▶ [Task description]
Reproduce the lines of the material exactly, excluding every image.

====== Input data

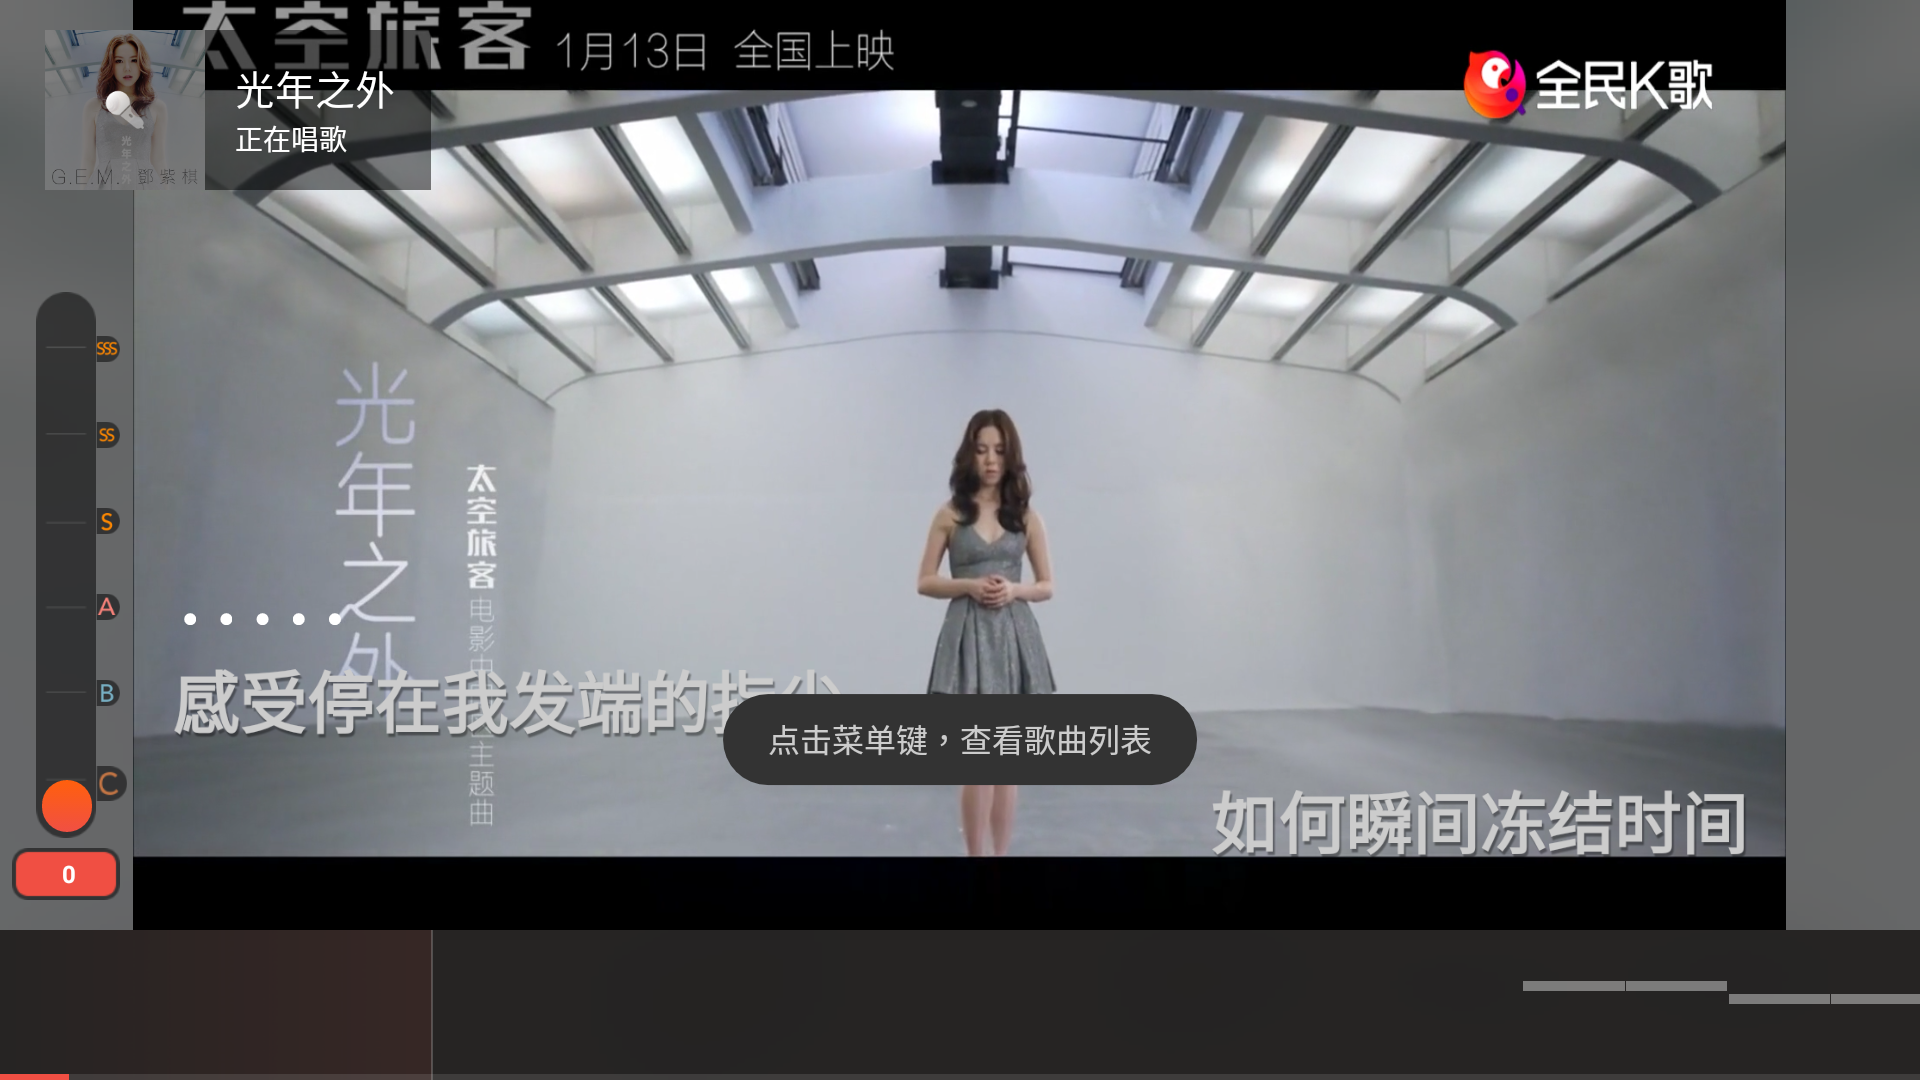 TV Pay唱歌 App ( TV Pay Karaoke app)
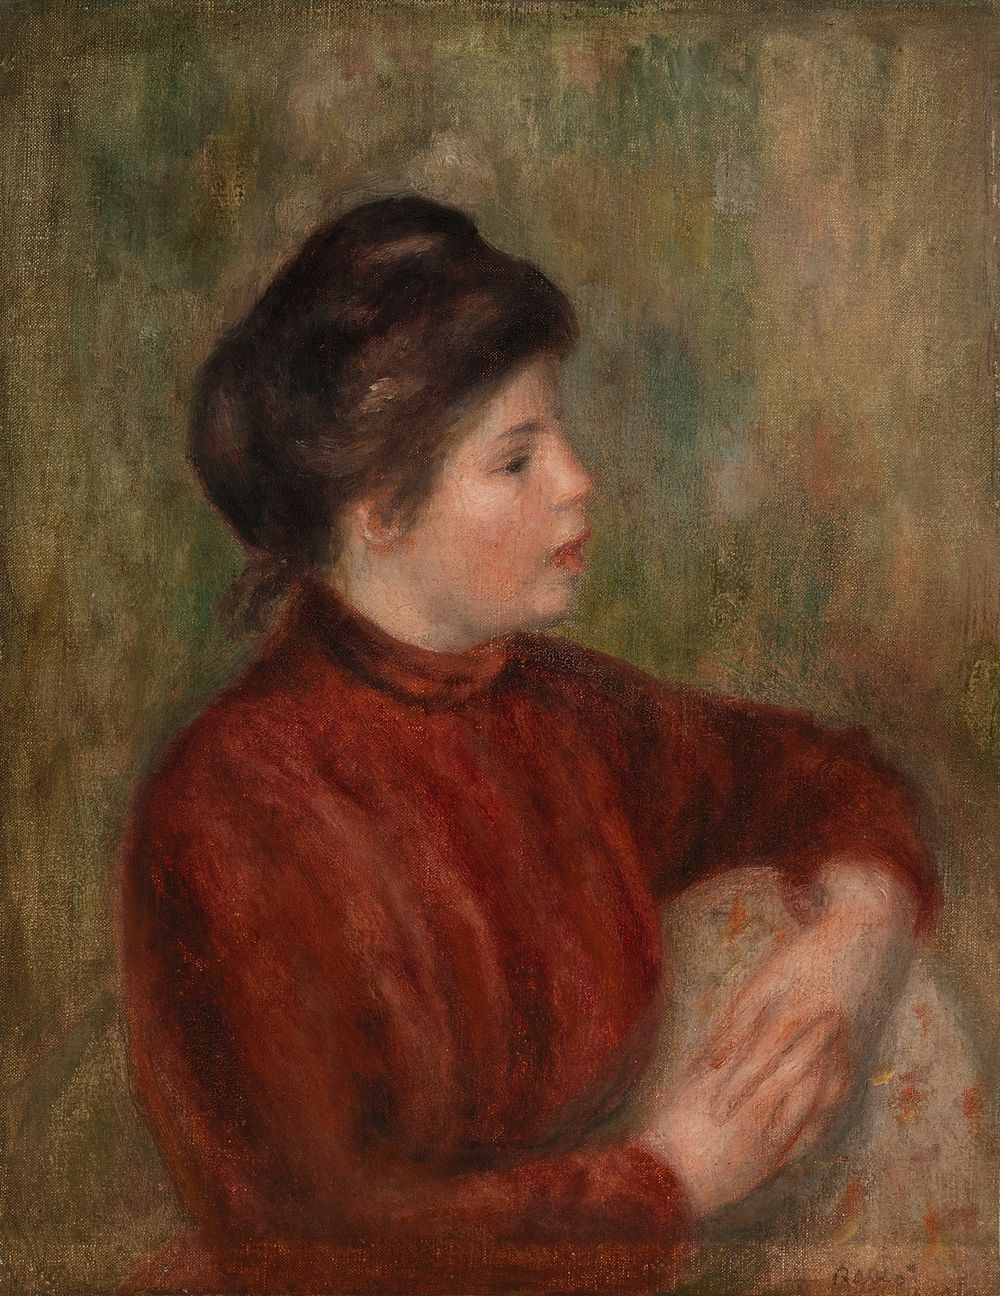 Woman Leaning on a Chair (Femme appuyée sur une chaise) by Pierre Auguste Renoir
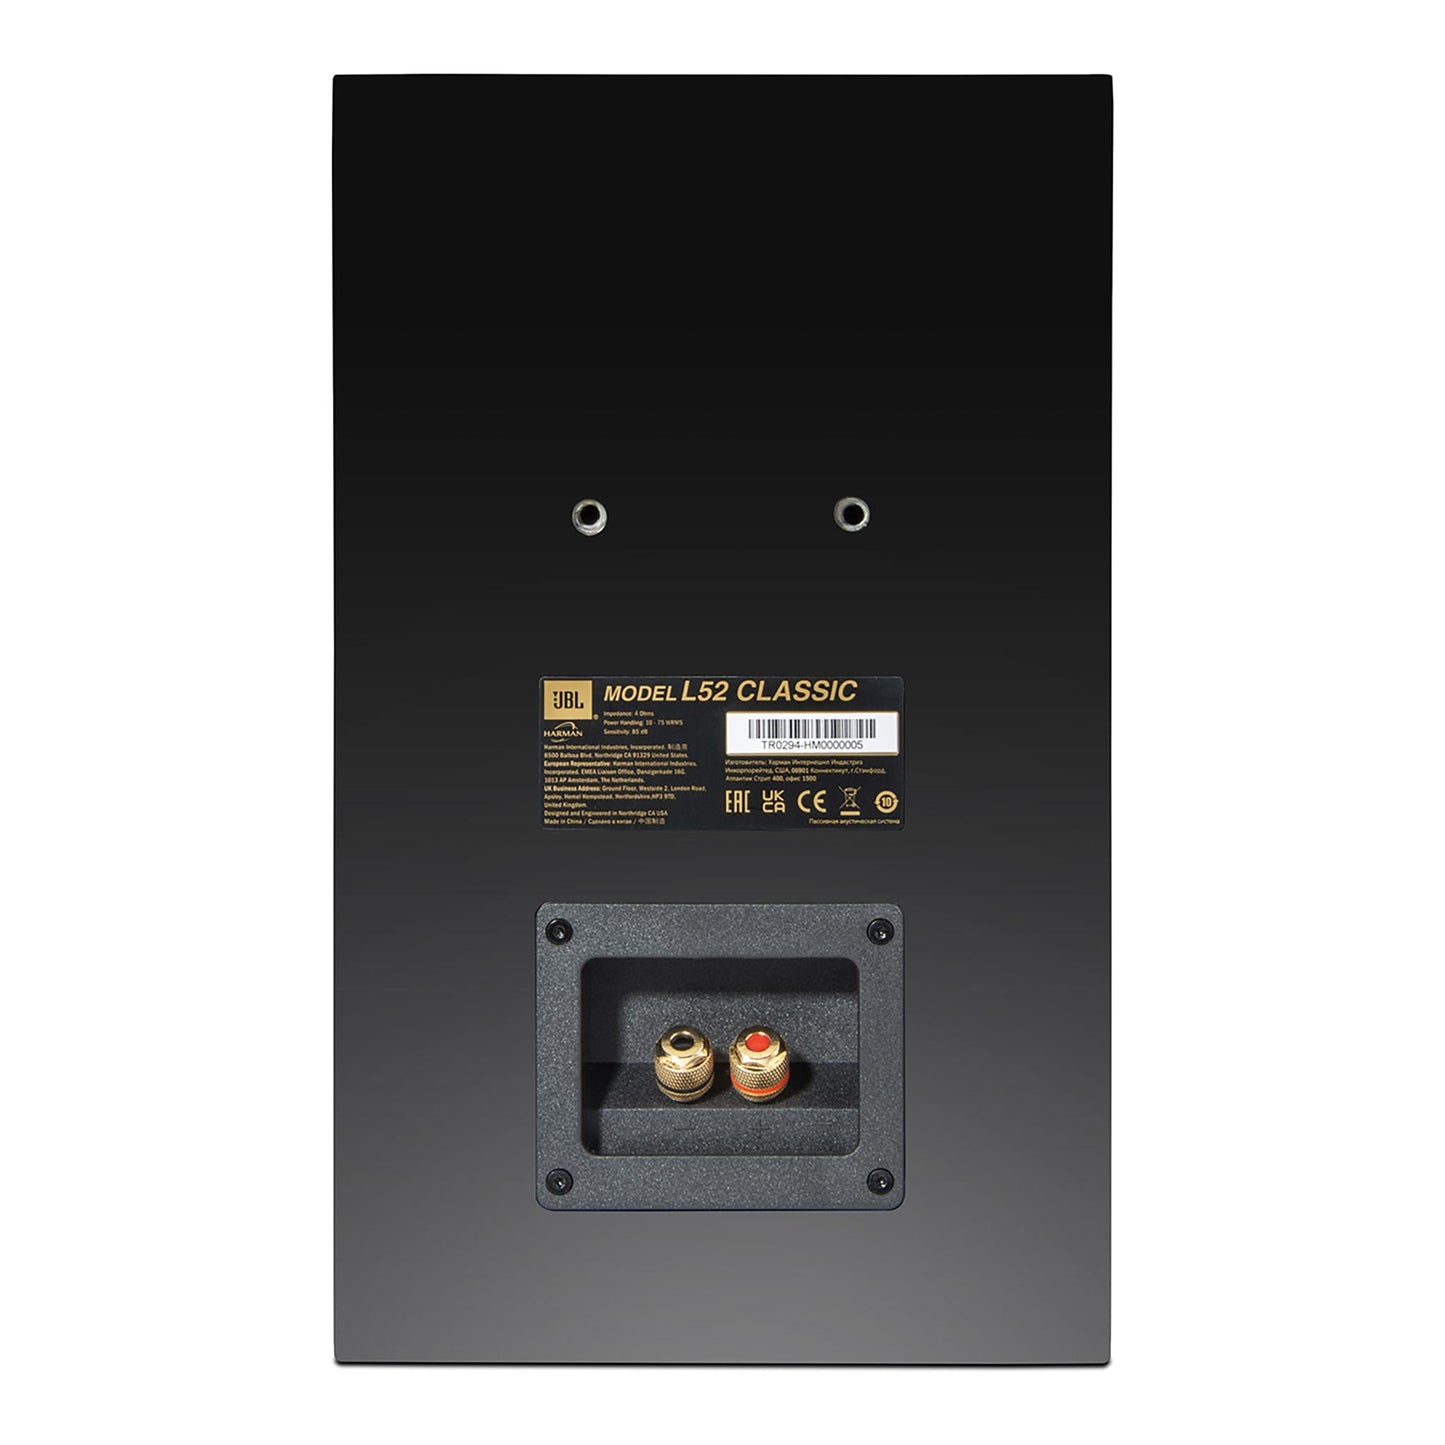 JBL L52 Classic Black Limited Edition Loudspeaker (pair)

============

▶ [Answer space]
 TV Pay唱歌 App ( TV Pay Karaoke app)
 Woman Leaning on a Chair (Femme appuyée sur une chaise) by Pierre Auguste Renoir
 JBL L52 Classic Black Limited Edition Loudspeaker (pair)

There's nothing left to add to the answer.